Osmo Vänskä is a homegrown Sibelius advocate.
I can't fault Vänskä's interpretation of music he knows so well, and I'm reviewing without a score. I just feel a little coldness of manner, a proto-modernist emotional distance, suitable for the story — and for its abstract meaning of the folly and confusion of primitive warfare and missions of vengeance. And I'm not trotting out the Arctic Circle cliches common in discussing Sibelius in bringing up the relative coldness of Segerstam's version. The slight burr of the Minnesota sound may be attributable to the hall or the tastes of the recording engineers.

Vänskä and the Minnesotans are particularly impressive in the second movement, "Kullervo's Youth." especially in the sturdiness and billowing shapeliness of the string phrasing. The third movement, "Kullervo and His Sister," introduces the two soloists and the chorus. The narrative element is central here, expressed in an expressively repetitious yet inexorably advancing text. The Finnish poetry, though probably totally unfamiliar to Americans, will connect with those who know Longfellow's "Hiawatha," since the American poet borrowed the meter from "Kalevala." The effect of this meter in our language has been both mocked and admired; Longfellow was an expert metrical technician.

The soloists are vigorously capable of representing the two main characters (plus the first two maidens the hero encounters before the fateful meeting with his sister). The listener feels in the grip of ancient passions and the force of destiny, to borrow a Verdi opera title.  The YL singers produce some of most forceful, unified male choral singing you are ever likely to hear. They return in the finale, which is overloaded with the young composer's feeling his oats rather too strenuously, as he underlines overemphatically the bitter tragedy of Kullervo's shame and suicide.

The Finnish men return in the concluding item in the second disc, a rousing performance of "Finlandia," singing the text later added to Sibelius' immortal tune. The fast orchestral portions of the work are dispatched with rare illumination and energy, qualities that no doubt combined with the audience's love of that big melody to draw a huge ovation from the February 2016 audience in Minneapolis' Orchestra Hall.

The first part of the Disc 2 is a new work, commissioned by the orchestra: Olli Kortekangas' "Migrations," conceived as a companion piece to "Kullervo" — it makes use of the estimable Paasikivi and the YL Male Voice Choir, singing an English text by the Minnesota poet Sheila Packa. "Migrations" handles movingly the ambiguity and tension of movement across national borders — a network of issues even more timely than when this piece was completed in 2014.

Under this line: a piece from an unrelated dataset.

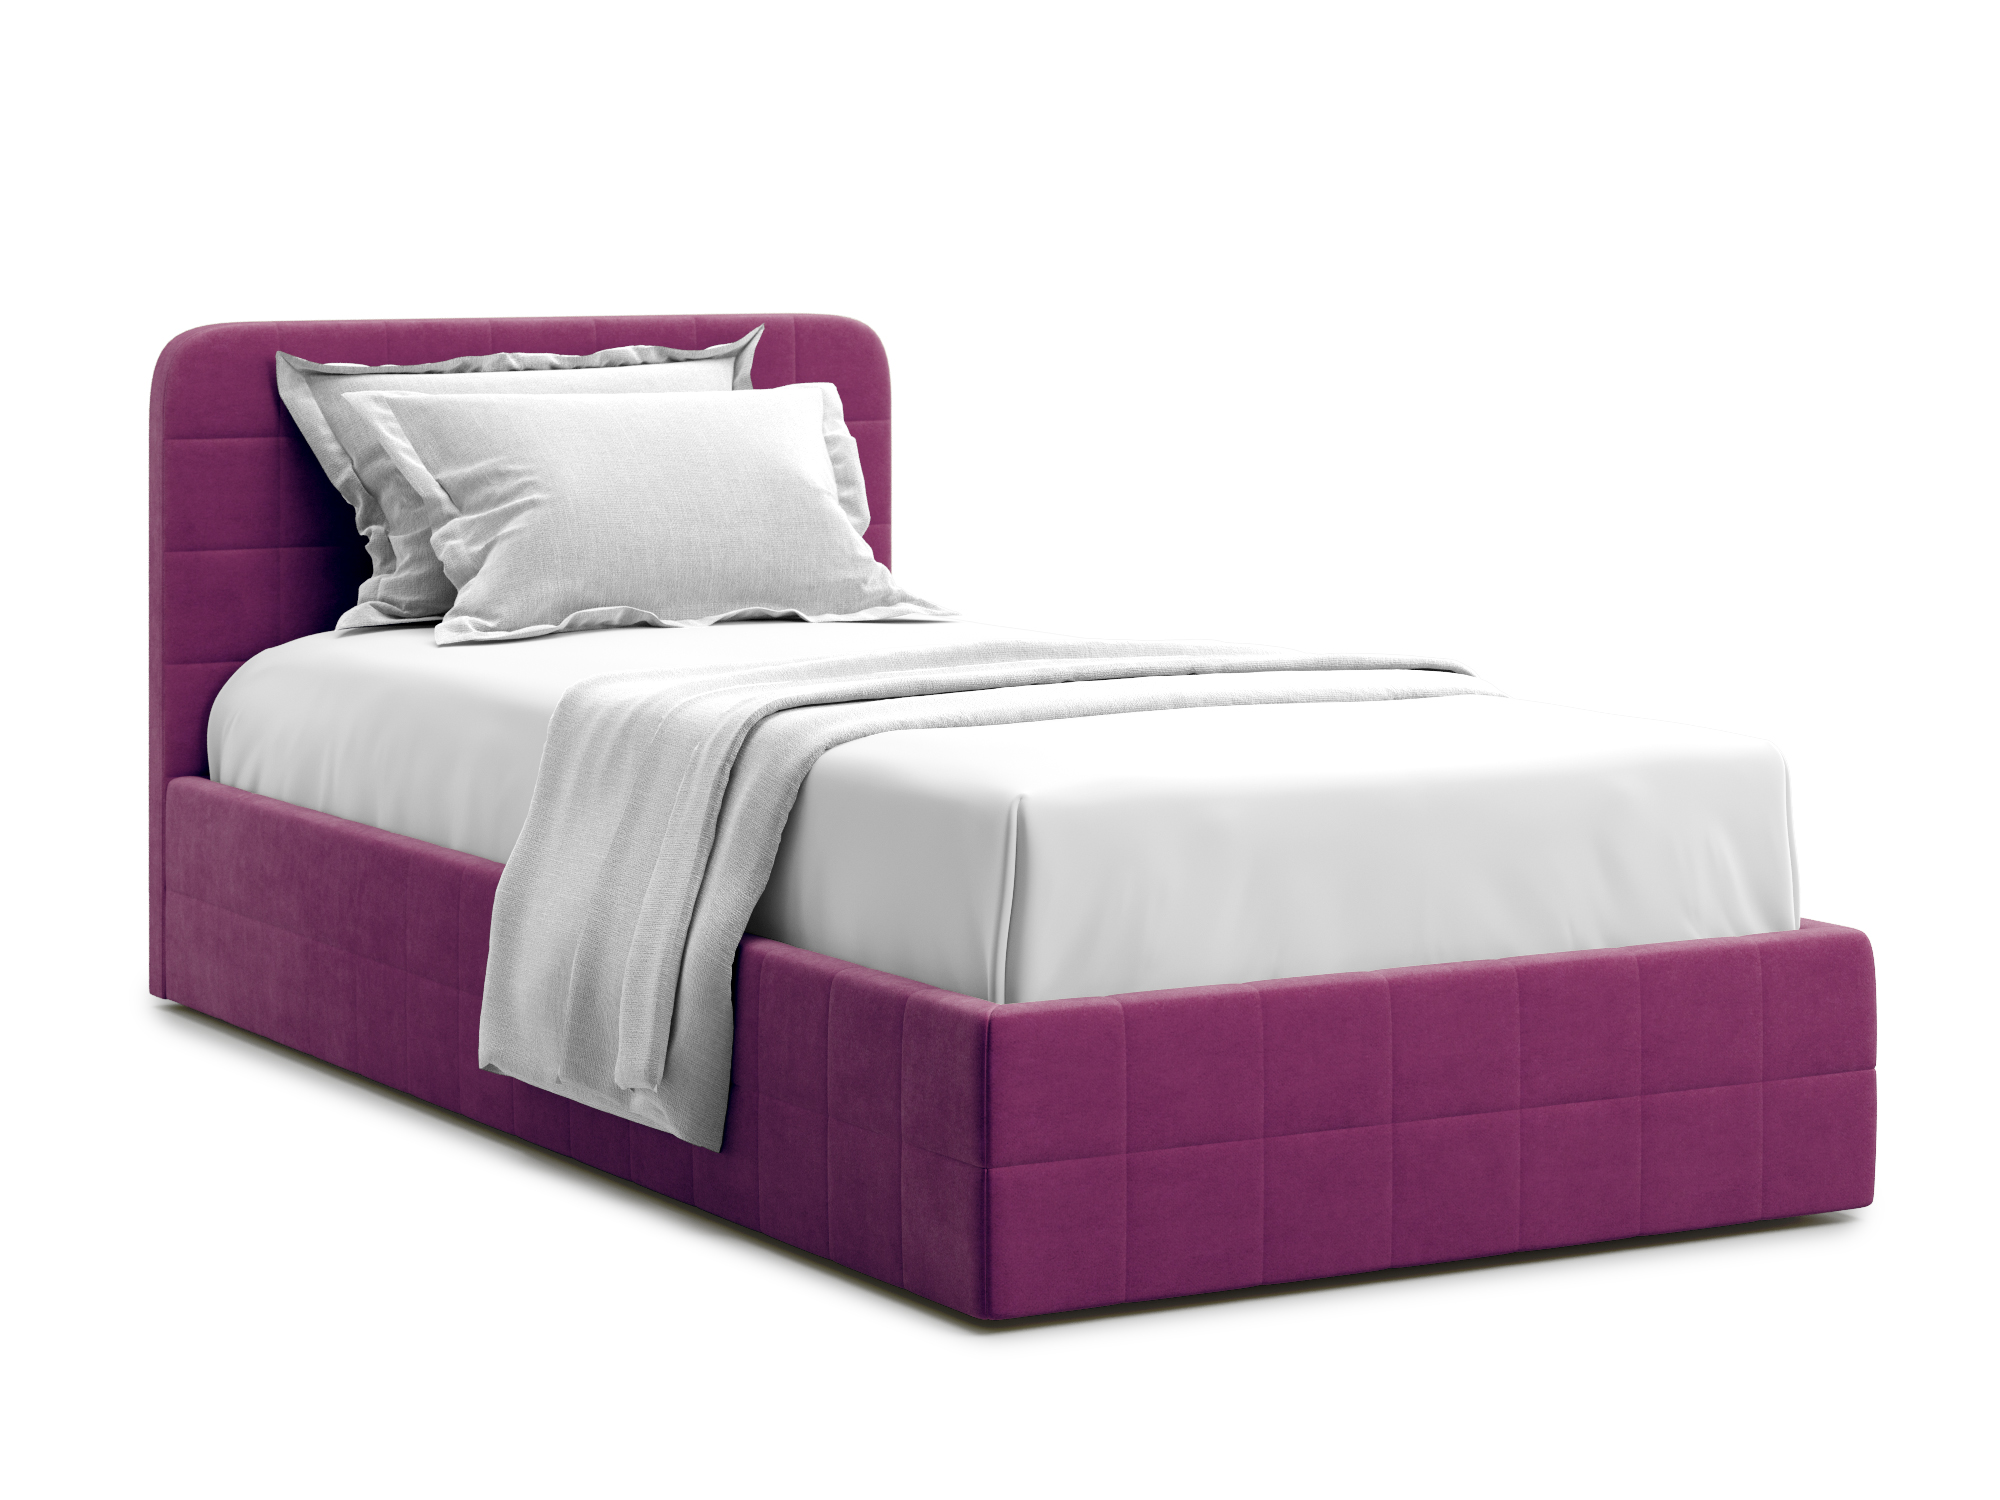 Кровать Adda 120 Velutto 15 Фиолетовый, Массив, ДСП кровать adda 90 velutto 17 бежевый массив дсп

Nationalism is also timely, and it's further ironic that nationalism hung like an albatross around the neck of Sibelius' posthumous reputation. "In 1965," wrote Harold C. Schonberg in his "Lives of the Great Composers" (1970), "the centenary of his birth arrived with all the force of a feather against an iron anvil." Near the end of his chapter "European Nationalists," the estimable critic comes to a more charitable conclusion: "In years to come the chances are that the music of Sibelius will occupy a more prominent place than it currently does." If that's true — and Schonberg's prediction is getting a bit long in the tooth — no small part of that prominence will be due to the advocacy of Osmo Vänskä and his hardy Minnesotans, as evidenced in this recording.